Venus flytraps: The counting hunters

  • 22/01/2016
The Venus flytrap waits patiently to make sure it has prey before closing its trap (iStock)
The Venus flytrap waits patiently to make sure it has prey before closing its trap (iStock)

Carnivorous plants like the Venus flytrap use a counting system to catch their prey and avoid false alarms, a new study shows.

The plants rely on insects to survive in their normally nutrient-poor soils. To trap their prey they emit a fruity scent to lure insects.

A study published in Current Biology today looked at how the plants know when they've ensnared their latest meal or decide to keep their traps shut to produce their acidic enzymes used to digest their prey.

"The carnivorous plant Dionaea muscipula, also known as Venus flytrap, can count how often it has been touched by an insect visiting its capture organ in order to trap and consume the animal prey," study author Rainer Hedrich of Universität Würzburg in Germany says.

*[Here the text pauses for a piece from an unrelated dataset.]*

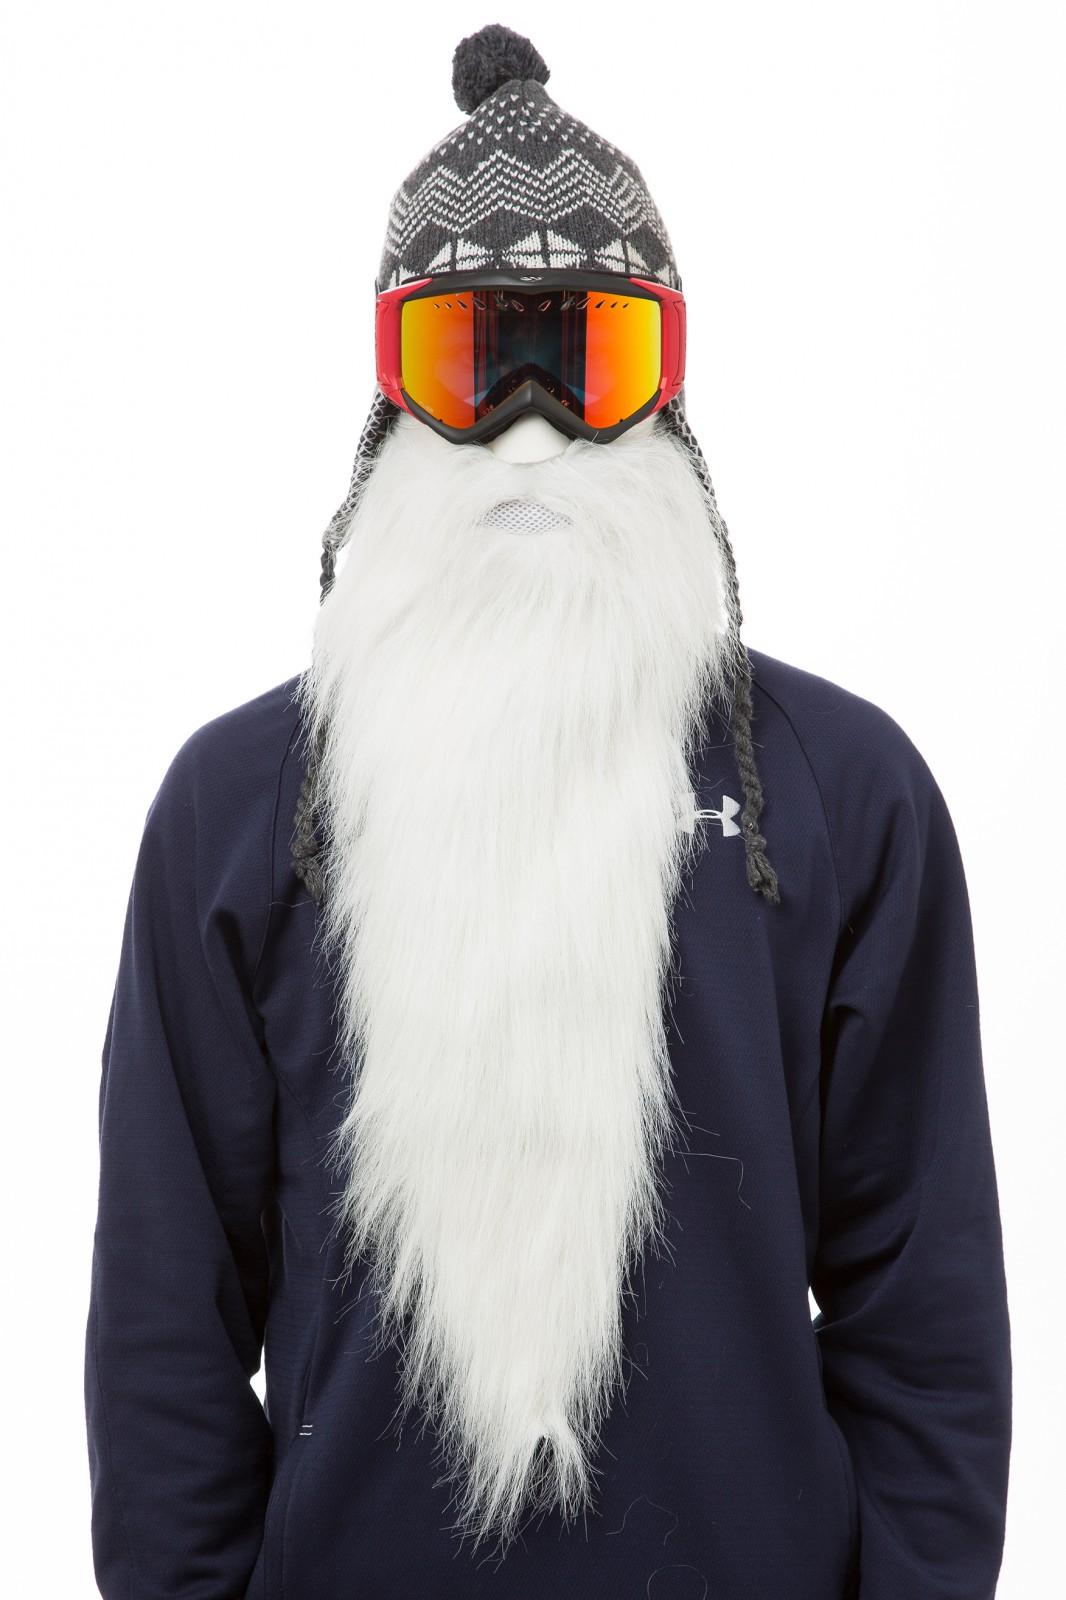 Beardski Merlin Langer Bart Skimaske Weiß

Researchers tricked the plants into thinking something had landed on it by increasing the number of mechano-electric stimuli to their trap and monitoring the response.

It found a single touch puts the plant in a 'ready-to-go' mode where it is ready to close, but is aware it could be a one-off.

A second touch makes the trap close and as the prey struggle and squirms to get out and continues to touch the trigger hairs over and over, it only "excites" the plant.

By now, the plant begins to produce a special touch hormone and after five triggers, glands on the inner surface of the trap start producing digestive enzymes and transporters to absorb the nutrients.

Hedrich has labelled this a "deadly spiral of capture and disintegration" and means the plant produces the right amount of enzymes depending on the size of the catch.

Hedrich says that allows the Venus flytrap to "balance the cost and benefit of hunting".

The plants also show a marked increase in production of transport that allows them to take in sodium. Though it is unclear why, researchers say it could have something to do with how the plant keeps the right balance of water inside their cell walls.